The game based on the series was announced in June 2014. It was developed by PlatinumGames, known for the Bayonetta series of action games among others, and published by Activision. The game is scripted by Tim Hedrick, a writer of the TV series, who collaborated with series creators Bryan Konietzko and Michael Dante DiMartino on the plot and main villain. The cutscenes are animated by Titmouse, Inc., and the cover art (chosen by public vote) is by series character designer Christie Tseng. The game made use of the voice actors and the music of the TV series.

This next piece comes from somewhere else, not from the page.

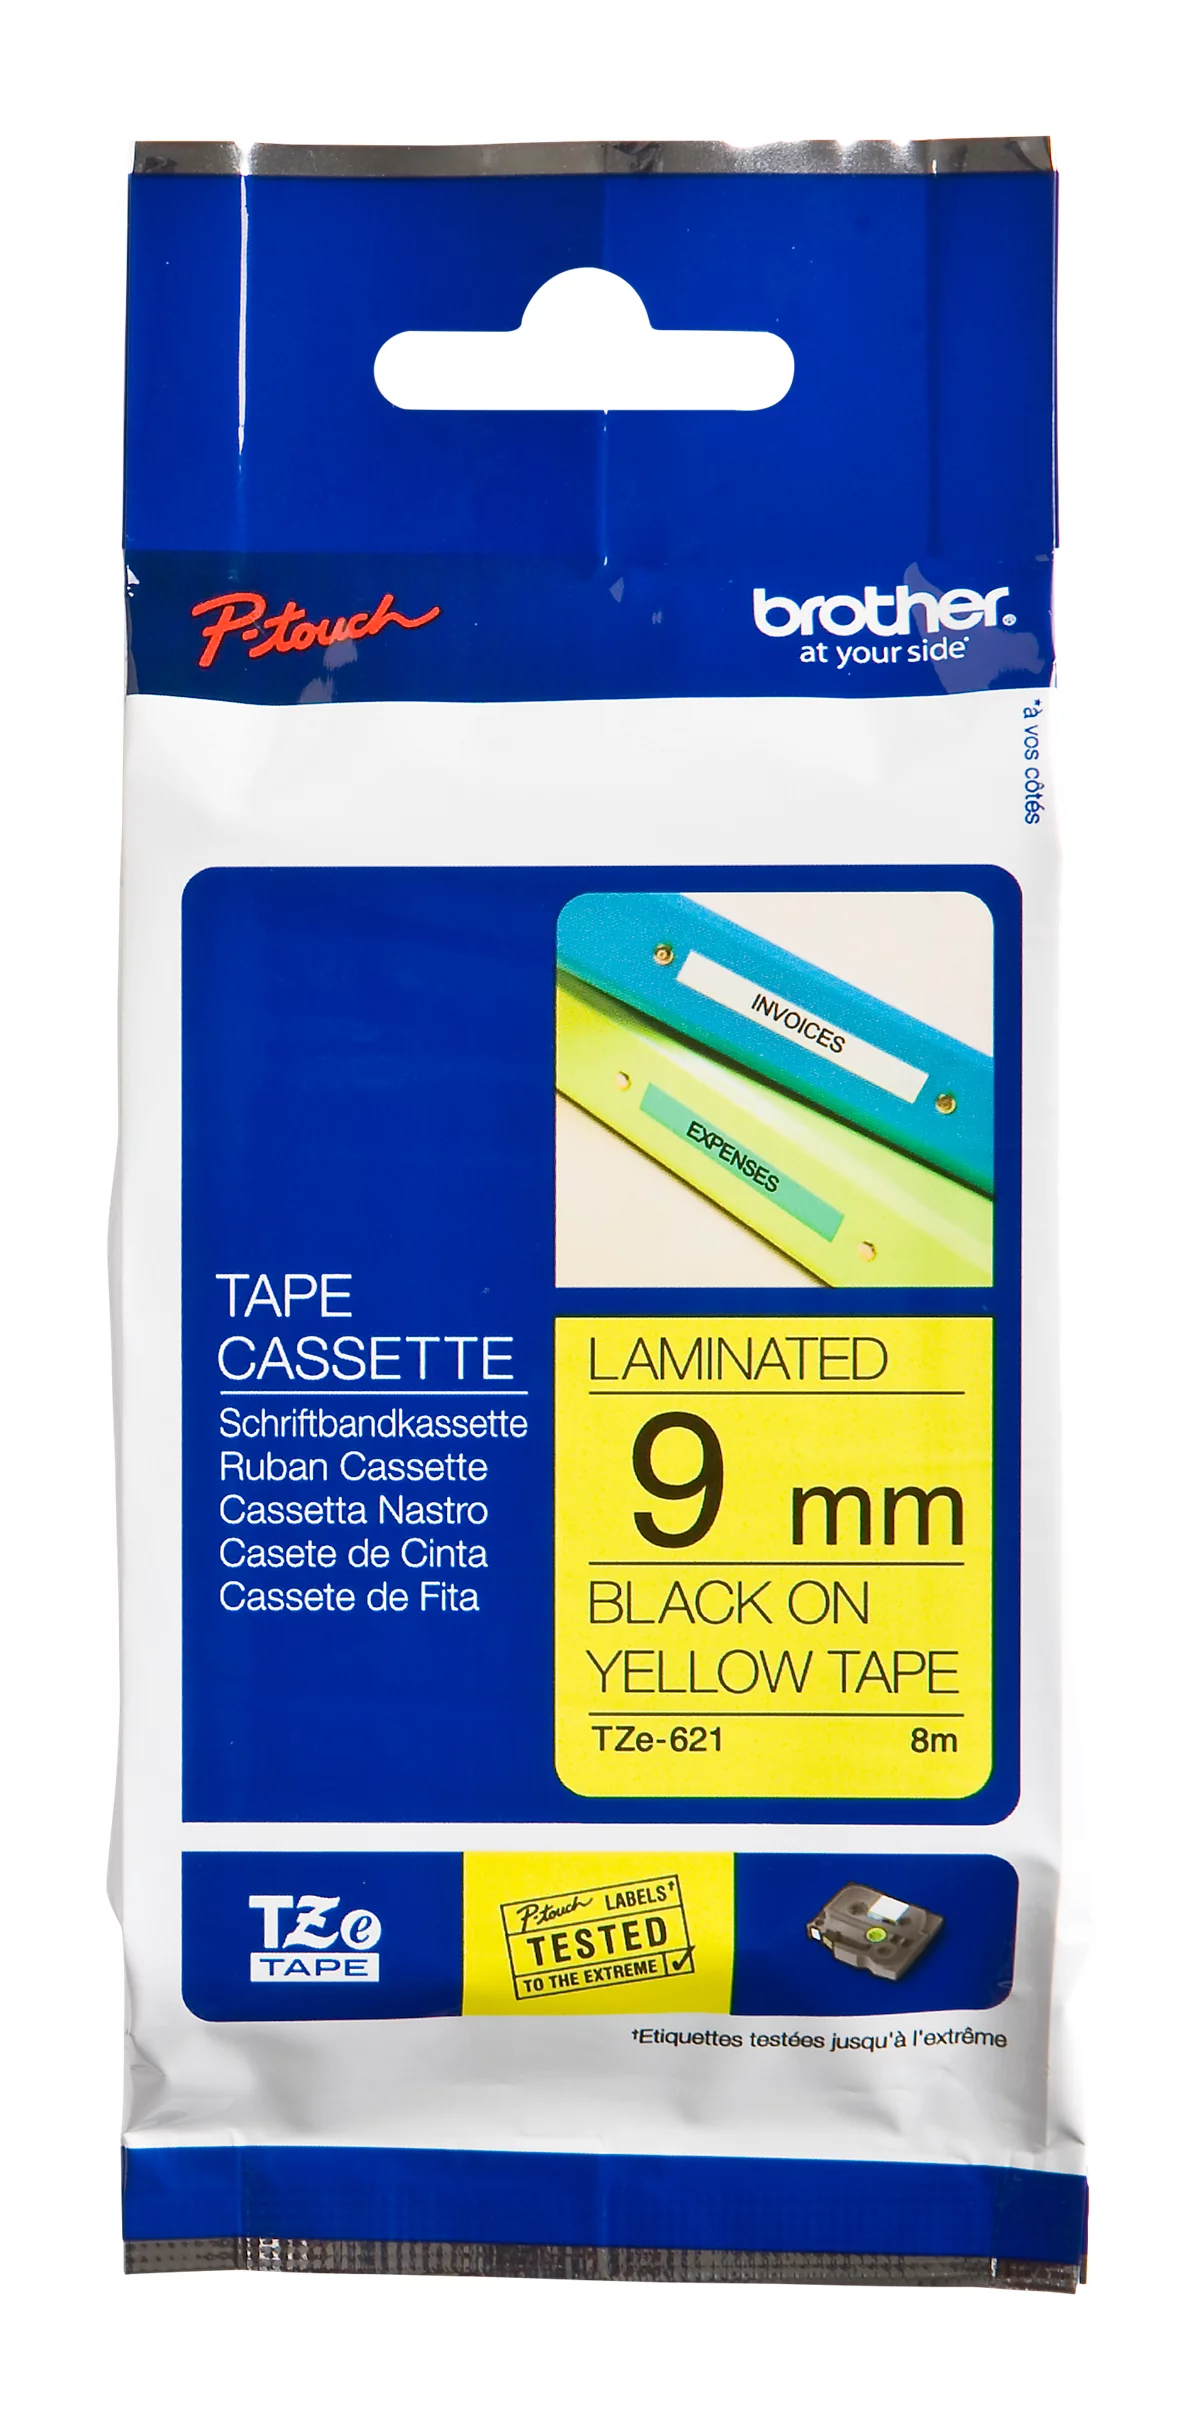 Casete de cinta de escritura Brother TZe-621, autoadhesivo, L 8 m x A 9 mm, amarillo/negro
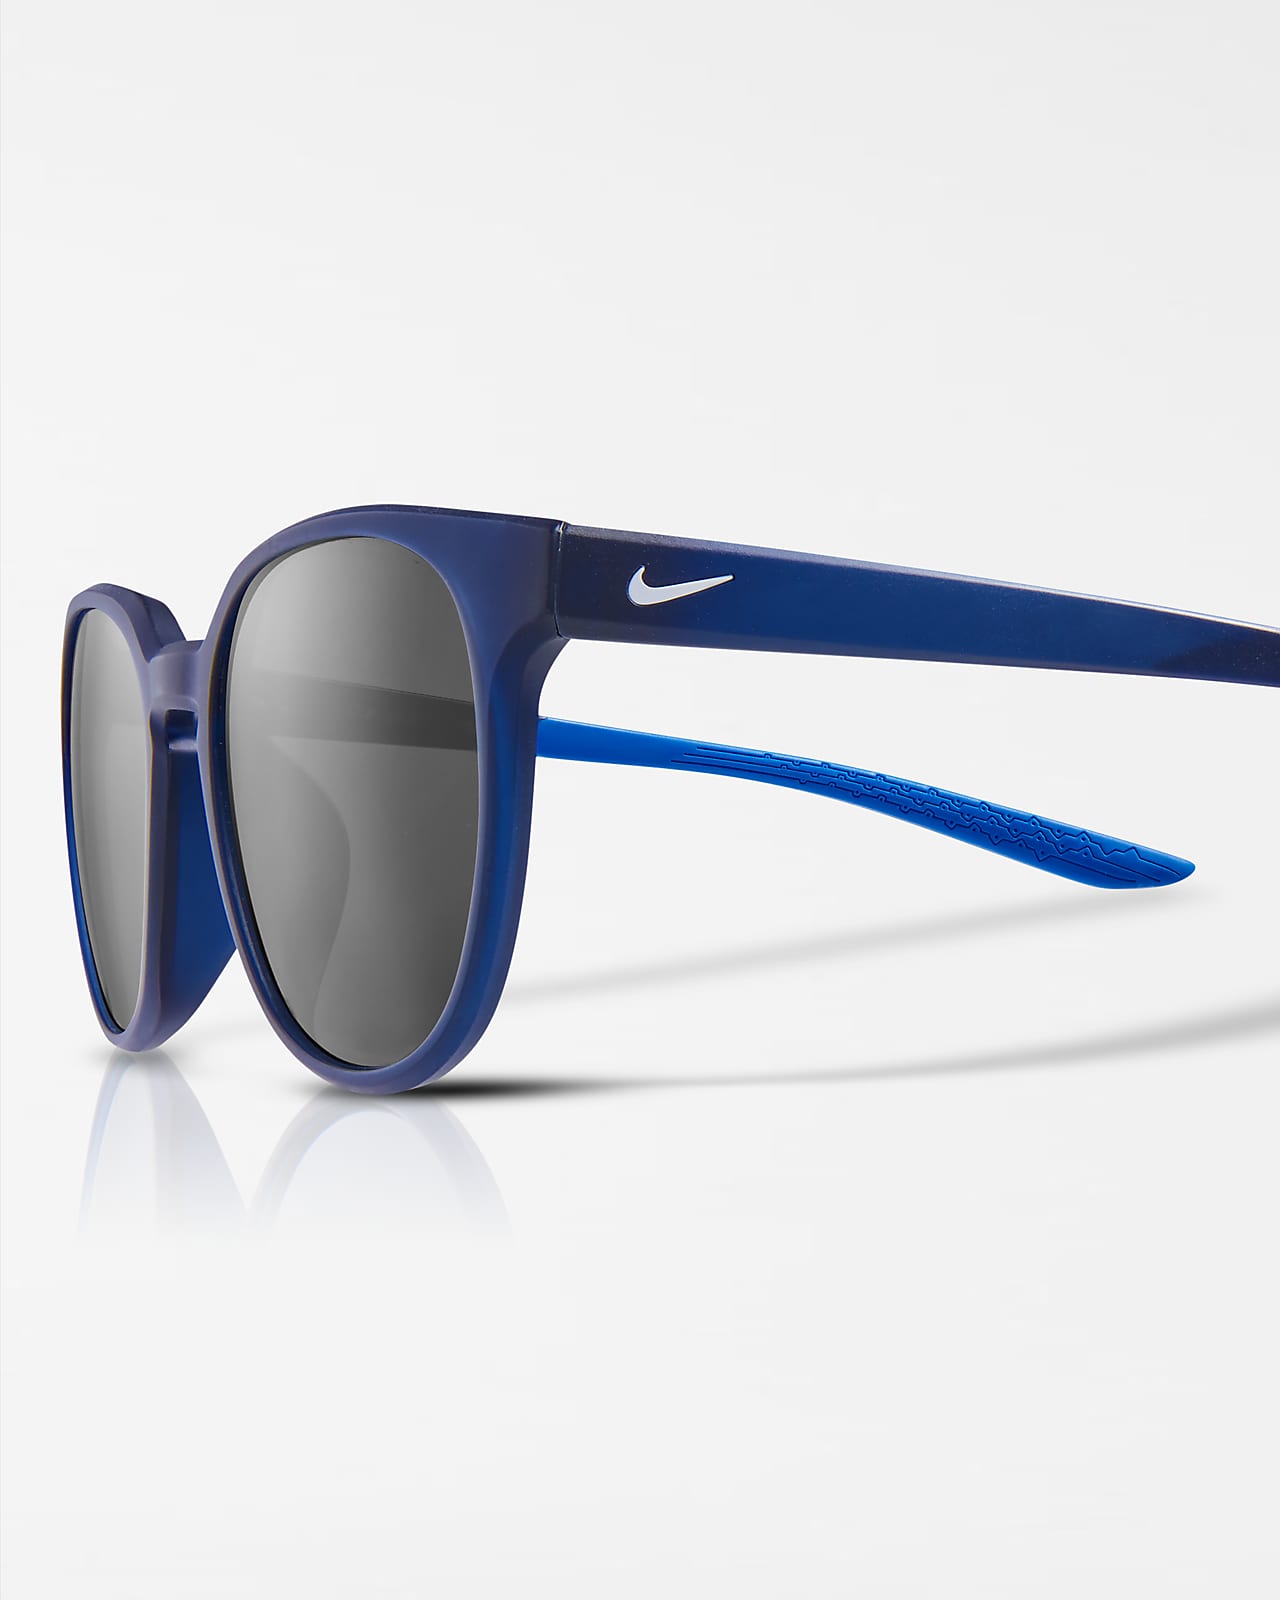 Nike Effect Sunglasses

Robert Conkey of Activision explained that they chose Platinum on account of their record of developing action games, which he described as having a "very smooth, very flashy, and very cool" style. Platinum producer Atsushi Kurooka said that Platinum chose to adapt The Legend of Korra, a series unknown in Japan, after watching it with the aid of translated scripts, and being impressed by the series's blend of "interesting action, a really good story, comedy, and romance". According to Kurooka, the studio aimed to make the game emulate the look and feel of the television series as closely as possible, including its visual and sound direction: Kurooka said that screenshots of the game were indistinguishable from those of the series.

==Reception==

Aggregate score
| Aggregator | Score |
|---|---|
| Metacritic | (PC) 64/100 (PS4) 54/100 (XONE) 49/100 |

Review scores
| Publication | Score |
|---|---|
| Computer and Video Games | 2/10 |
| Destructoid | 7/10 |
| Eurogamer | 4/10 |
| Game Informer | 5.5/10 |
| GameSpot | 3/10 |
| GameTrailers | 6.5/10 |
| IGN | 4.2/10 |
| PC Gamer (US) | 63/100 |
| Polygon | 5/10 |
| Hardcore Gamer | 3/5 |
| Metro | 3/10 |

===Pre-release===
Appraisals of the game during development were positive. After playing an alpha build of the game in June 2014, Destructoid described the game as a "pretty solid action brawler". The reviewer praised the thorough implementation of the various bending styles, the detailed and fluid combat system, and the cel-shaded art style. GameSpots reporter was "encouraged by the art style and some aspects of the combat", but uncertain whether the developers would be able to balance the demands of faithfulness to a franchise and the expectations of quality combat gameplay raised by their previous titles. IGN described the early version as having "all the depth I'd expect to see from this developer bundled with a faithful artistic interpretation" of the source material, noting the "surprisingly deep" combat system and the "tastefully re-created animations" from the series.

===Post-release===
The Legend of Korra received "mixed or average" reviews, according to video game review aggregator Metacritic. It was panned by Dan Stapleton of IGN as a "poorly made tie-in that can't even stand up as a competent third-person action game". The reviewer noted the game's simplistic combat, the absence of the series' wit and charm, and the low-quality cutscenes. Kevin VanOrd of GameSpot was also highly critical of the game, writing that it "tries its best to boot M. Night Shyamalan's The Last Airbender film out of its rightful position as 'worst Avatar-related thing yet produced.'" Chris Carter at Destructoid summed up the game as a "nice but brief romp" with no real narrative that "plays out like a 'light' version of Platinum's previous games". At Polygon, Philip Kollar described the game as a "shallow, short experience full of segments that feel poorly designed and ill-considered", with frustrating mechanics and annoying mini-games. Paul Tassi of Forbes, noting the "scathing" reviews the game received, wrote that, like other adaptations of the series, it showed "a fundamental misunderstanding of the source material, all but completely devoid of a plot and other characters outside Korra herself". For Eurogamers Simon Parkin, the game's shortcomings were the "hallmarks of a work-for-hire project rushed to meet a Christmas deadline", and he considered the game "a misfire that means Platinum's name no longer guarantees quality".